Showing posts with label plateholder. Show all posts
Showing posts with label plateholder. Show all posts

Tuesday, 7 June 2016

Paris flea market finds (2)

Plate camera box and plateholders
One of my first posts on this blog was describing what I'd found in the Porte de Vanves flea market in Paris five years ago; the weekend before last I revisited this flea market on my way through Paris to the south. There were a few cameras of interest to me, but none without one problem or another. However, I did find a stall which had a couple of plate camera boxes containing plate holders. These were 9x12cm-size plate holders, which, having a few cameras in the size, such as the Ica Trona and the Kodak Recomar, it's always useful to have more. The stallholder wanted €25 for six holders; I did try to barter down to €20, but he wouldn't move on the price. I then asked for the box too, and was told the price was €10 for the box alone, but he gave me the box and plate holders for €30. If my French had been better, I'd have asked him how often he sells glass plate holders, as I don't imagine these items sell which any frequency in the flea market. The plate holders are all stamped AP Paris, some with a craquelure finish on the darkslide; none had film sheathes inside, but one did contain a glass plate negative, shown below.

Found glass plate
A few days later, in Toulouse, a window display of a shop on the Rue Pargaminières drew my attention, with, amongst other secondhand cameras, a Contax IIIa. The shop was Photos Signe Des Temps - the website is limited, but the shop itself had a good stock of film, and film cameras, including a whole cabinet of classic SLRs, and a glass case of all kinds of old cameras. One camera which caught my eye was a folding plate camera with a 165mm lens.

Photo-Plait branded 9x12cm plate camera
Typically, for a camera of this age, the 165mm focal length would denote a 10x15cm plate size, and at a glance, it looked as though it was larger than a typical 9x12cm camera - which it turned out to be - due to the wooden body.

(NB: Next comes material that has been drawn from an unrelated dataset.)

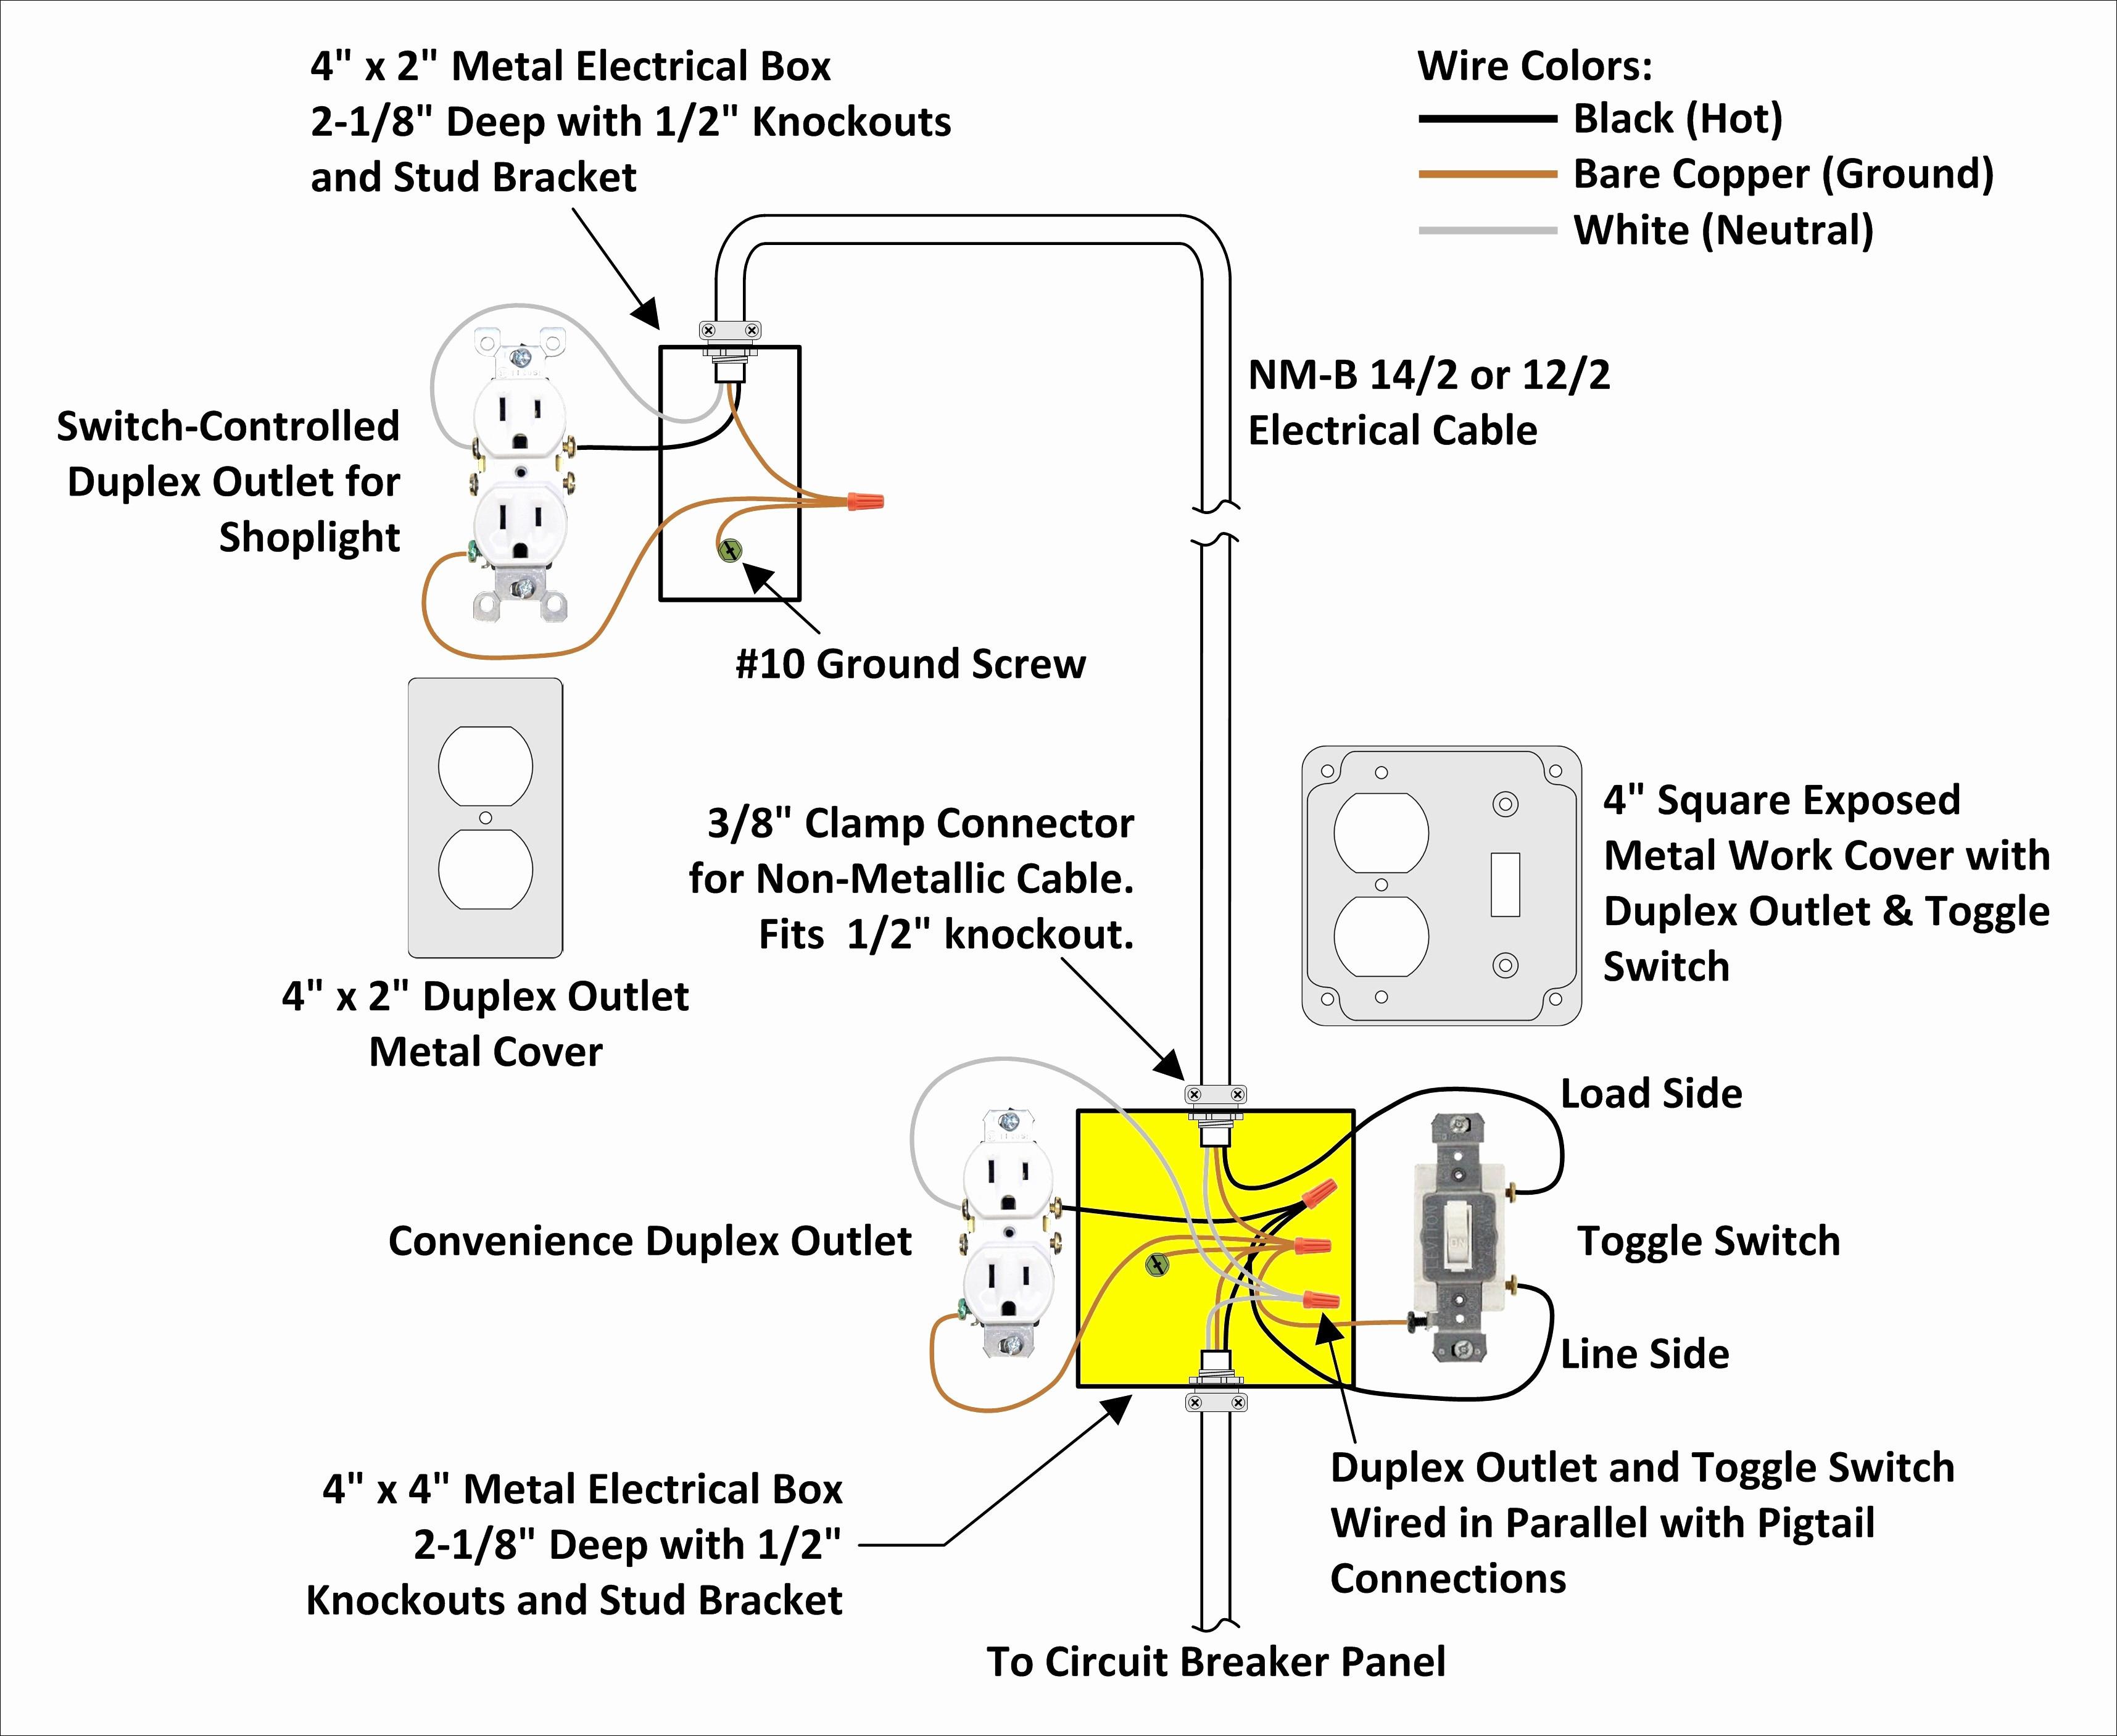 30 Amp To 50 Amp Adapter Wiring Diagram | Wiring Diagram - 50 Amp Plug Wiring Diagram
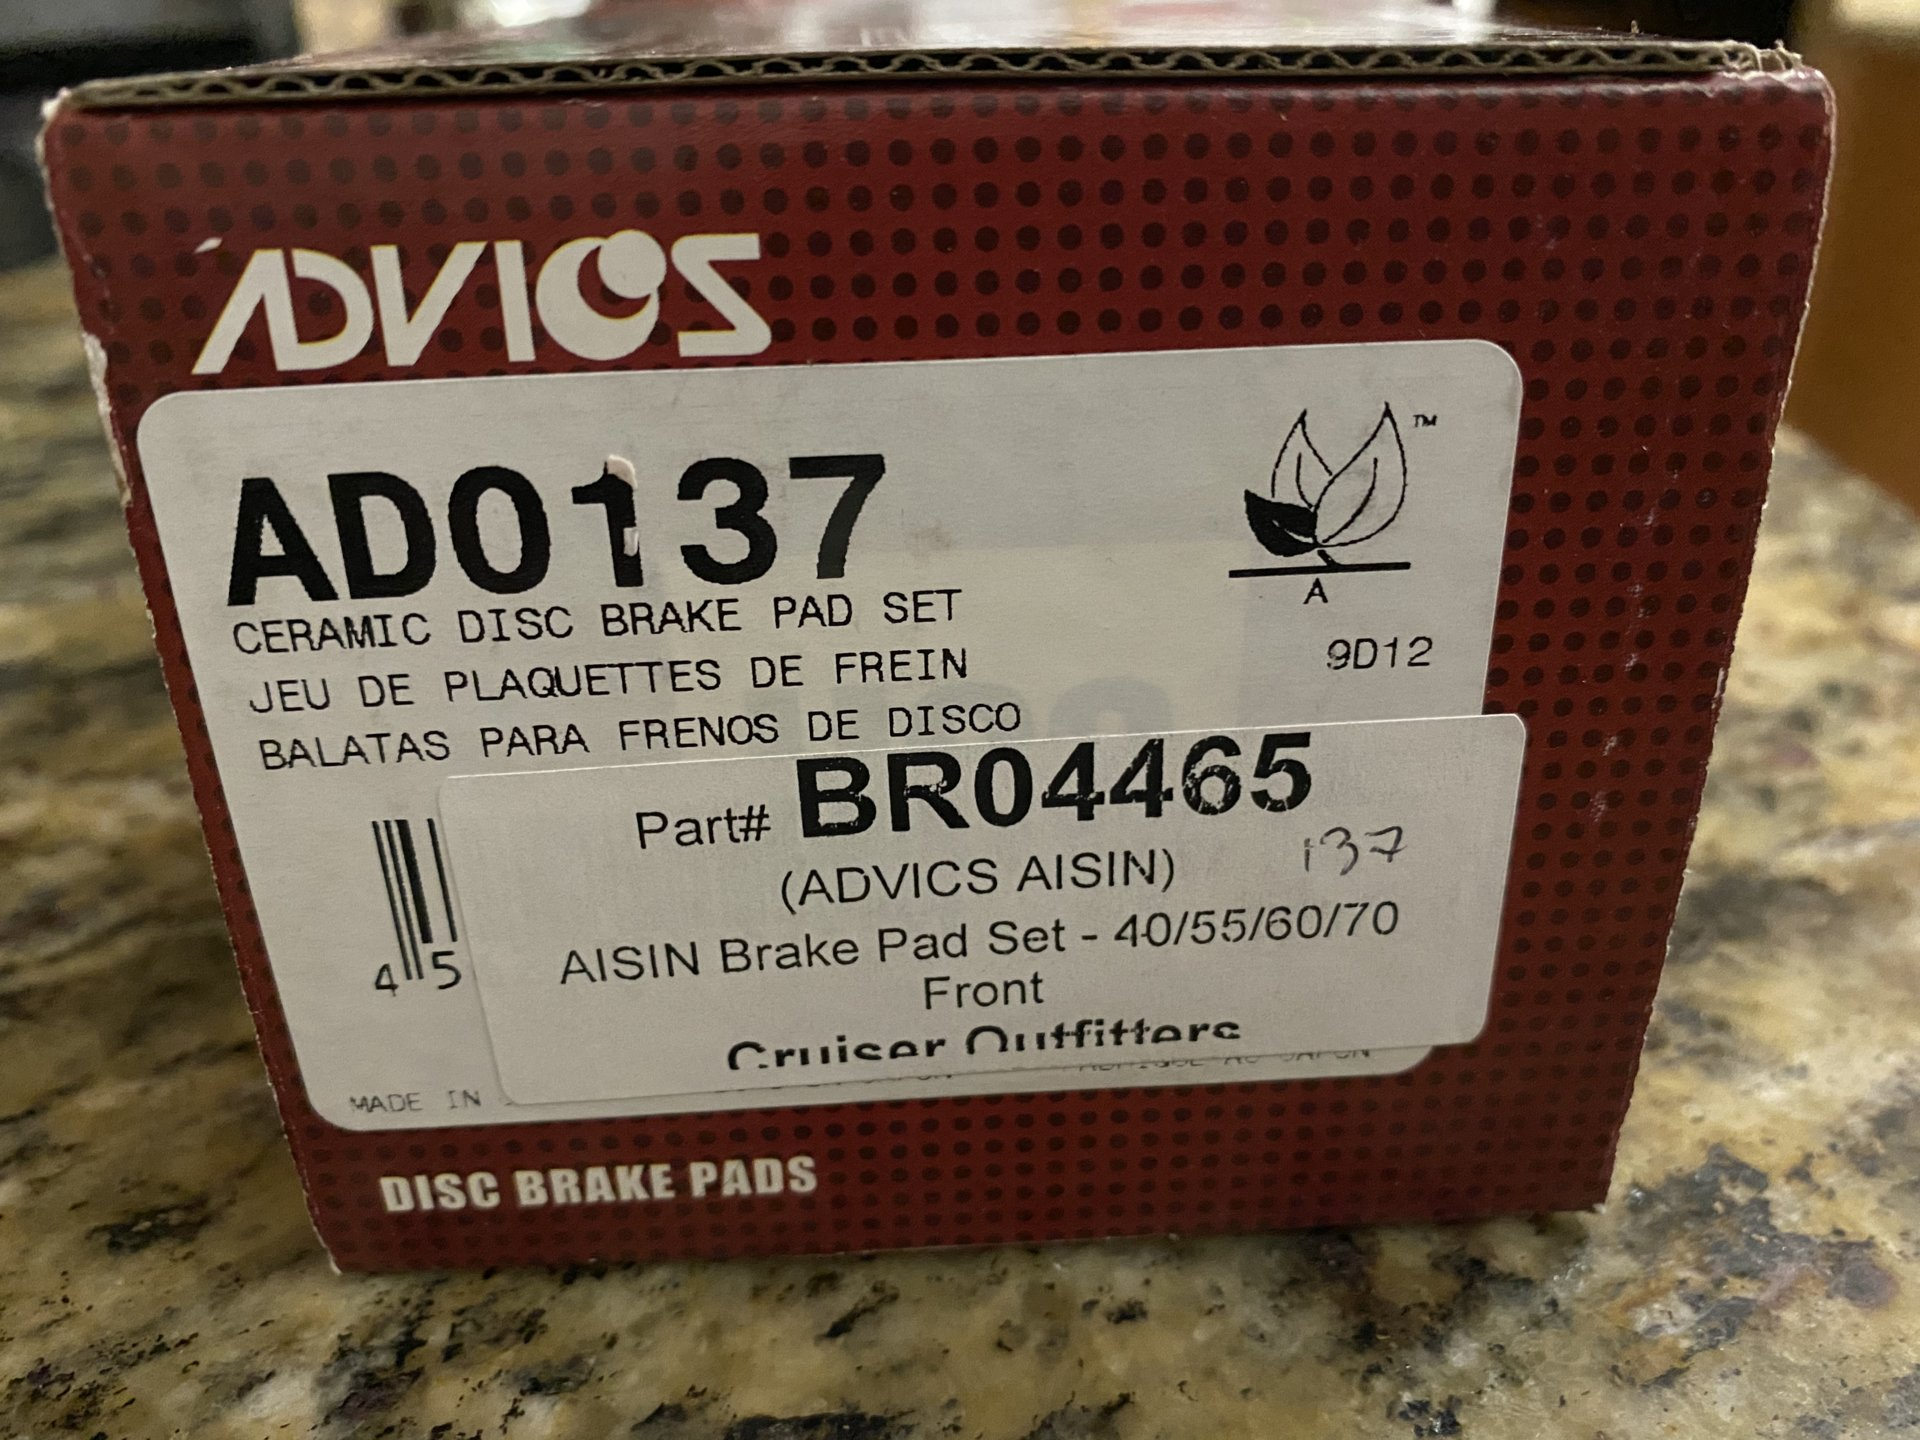 D7A4FC34-0B1C-48F9-9D38-02B2EF8BF356.jpeg

The lens itself was a Berthiot Olor Series IIa, reputedly a Tessar clone, with a maximum aperture of f5.7 in an Ibso shutter - the eight-speed version with 1/150th, rather than the more common seven-speed shutter, up to 1/100th. The shutter gave some indication of the camera's date: according to Camera-Wiki, the Ibso was made by Gauthier between 1908-1926. However, I suspect that the lens and shutter unit may not be original to the body, and not simply due to it being an unusual focal length for the negative format. Some of the features are clearly missing, such as the focus scale, and, at infinity, the 165mm lens is drawn out so much that the metal indicator at the base of the lens standard is beyond where the focus scale would need to be in order to read this. It is also missing a wire frame finder, and a brilliant finder: the latter appears as though it may have been carefully sawn away, with the metal cut into a continuation of the curve around the lens standard. As a typical mid-range folding plate camera, it has rise and cross movements, and rack and pinion focus with double extension bellows - a necessity given the focal length. The bellows were in good condition, and the ground glass intact. The lens was dirty but appeared otherwise good, and, by ear, the shutter fired at all speeds fairly close to each setting.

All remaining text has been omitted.